The Stampede supercomputer housed at the Texas Advanced Computing Center
The new system will be deployed in phases, using a variety of new and upcoming technologies. The processors in the system will include a mix of upcoming Intel Xeon Phi processors, codenamed ‘Knights Landing’, and future-generation Intel Xeon processors, connected by Intel Omni-Path Architecture. The last phase of the system will include integration of the upcoming 3D XPoint non-volatile memory technology.
‘The first Stampede system has been the workhorse of XSEDE, supporting the advanced modelling, simulation, and analysis needs of many thousands of researchers across the country,’ said Omar Ghattas, a computational geoscientist/engineer at UT Austin and recent winner of the Gordon Bell prize for the most outstanding achievement in high performance computing.
‘Stampede has also given us a window into a future in which simulation is but an inner iteration of a “what-if?” outer loop. Stampede 2’s massive performance increase will make routine the principled exploration of parameter space entailed in this outer loop,’ commented Ghattas.
‘This will usher in a new era of HPC-based inference, data assimilation, design, control, uncertainty quantification, and decision-making for large-scale complex models in the natural and social sciences, engineering, technology, medicine, and beyond,’ concluded Ghattas.
The use of Xeon Phi processors may be curious to some that expect the TACC system to focus more on traditional CPU-based architecture, but in this converging world of ML and HPC, scientists and engineers are finding that many of these technologies have applications within their own research interests.
The second version of Stampede at the Texas Advanced Computing Center will use Xeon Phi processors
An example of this comes from David Schnyer, a cognitive neuroscientist, and professor of psychology at The University of Texas at Austin. Schyner is using the Stampede supercomputer at TACC to train a machine learning algorithm that can identify commonalities among hundreds of patients using Magnetic Resonance Imaging (MRI) brain scans, genomics data, and other relevant factors, to provide accurate predictions of risk for those with depression and anxiety.
‘One difficulty with that work is that it’s primarily descriptive. The brain networks may appear to differ between two groups, but it doesn’t tell us about what patterns actually predict which group you will fall into,’ said Schnyer. ‘We’re looking for diagnostic measures that are predictive for outcomes like vulnerability to depression or dementia.’
In March 2017, Schnyer, working with Peter Clasen (University of Washington School of Medicine), Christopher Gonzalez (University of California, San Diego) and Christopher Beevers (UT Austin), published their analysis of a proof-of-concept study in Psychiatry Research: Neuroimaging that used a machine learning approach to classify individuals with major depressive disorder with roughly 75 per cent accuracy.

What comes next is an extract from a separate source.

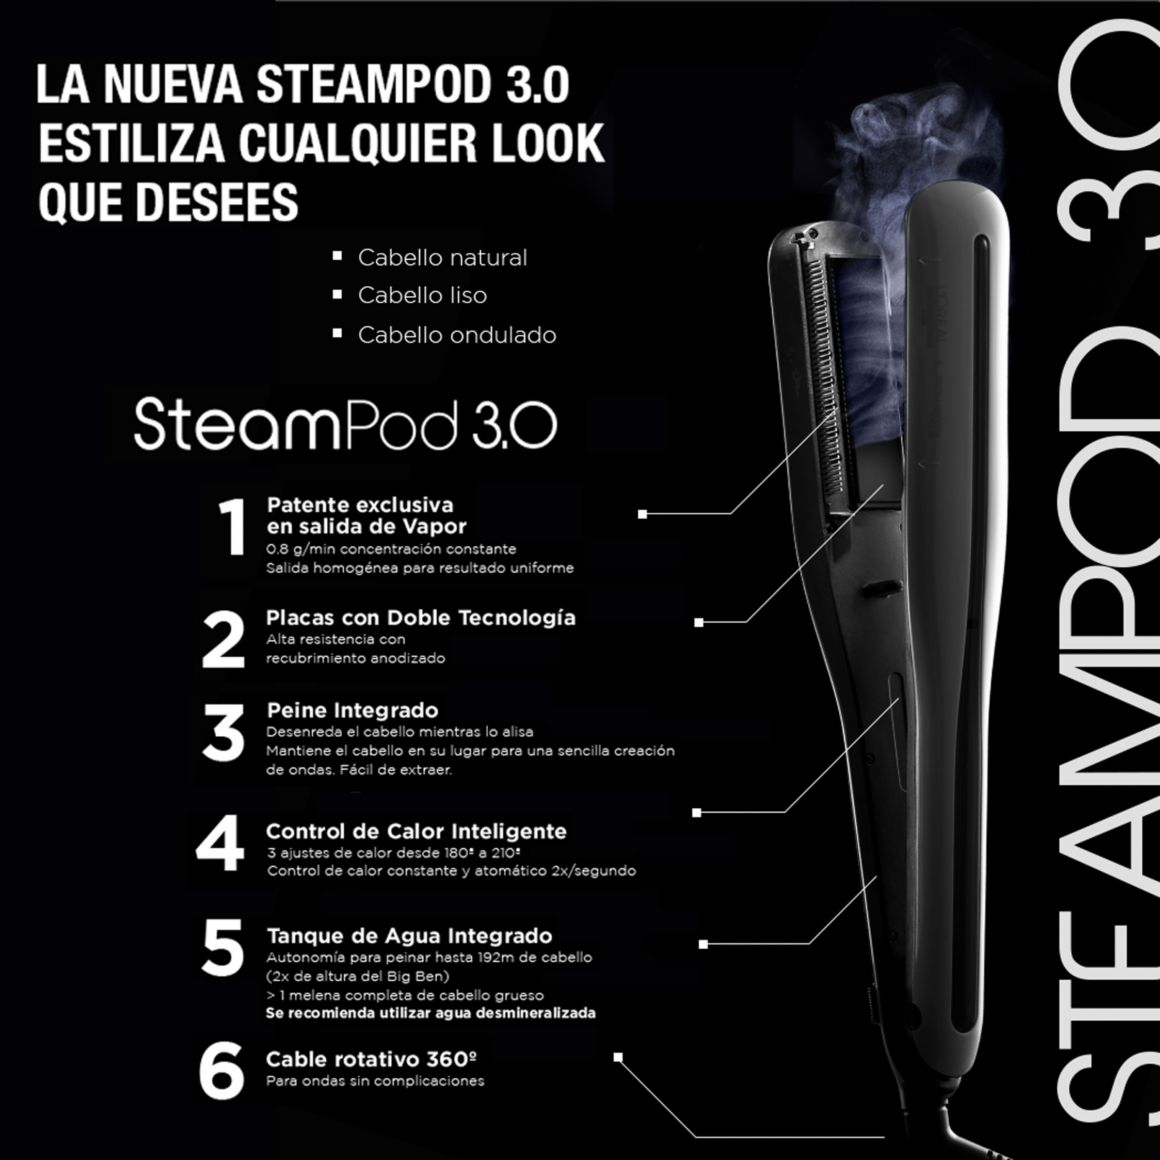 Steampod 3.0

In the future researchers will be able to use Stampede 2 and its more parallel Xeon Phi processors to train these algorithms much faster than they can today. Another advantage here for the TACC researchers is that the coding they have done previously is not lost when moving from CPU to accelerator as the Xeon Phi uses similar coding principles to traditional CPU architectures.
It remains to be seen which technologies rise to the top in this AI revolution, but one thing is for certain: ML and AI research is a market that contains huge potential to revolutionise not only science and engineering but also the very computing hardware upon which it is being implemented.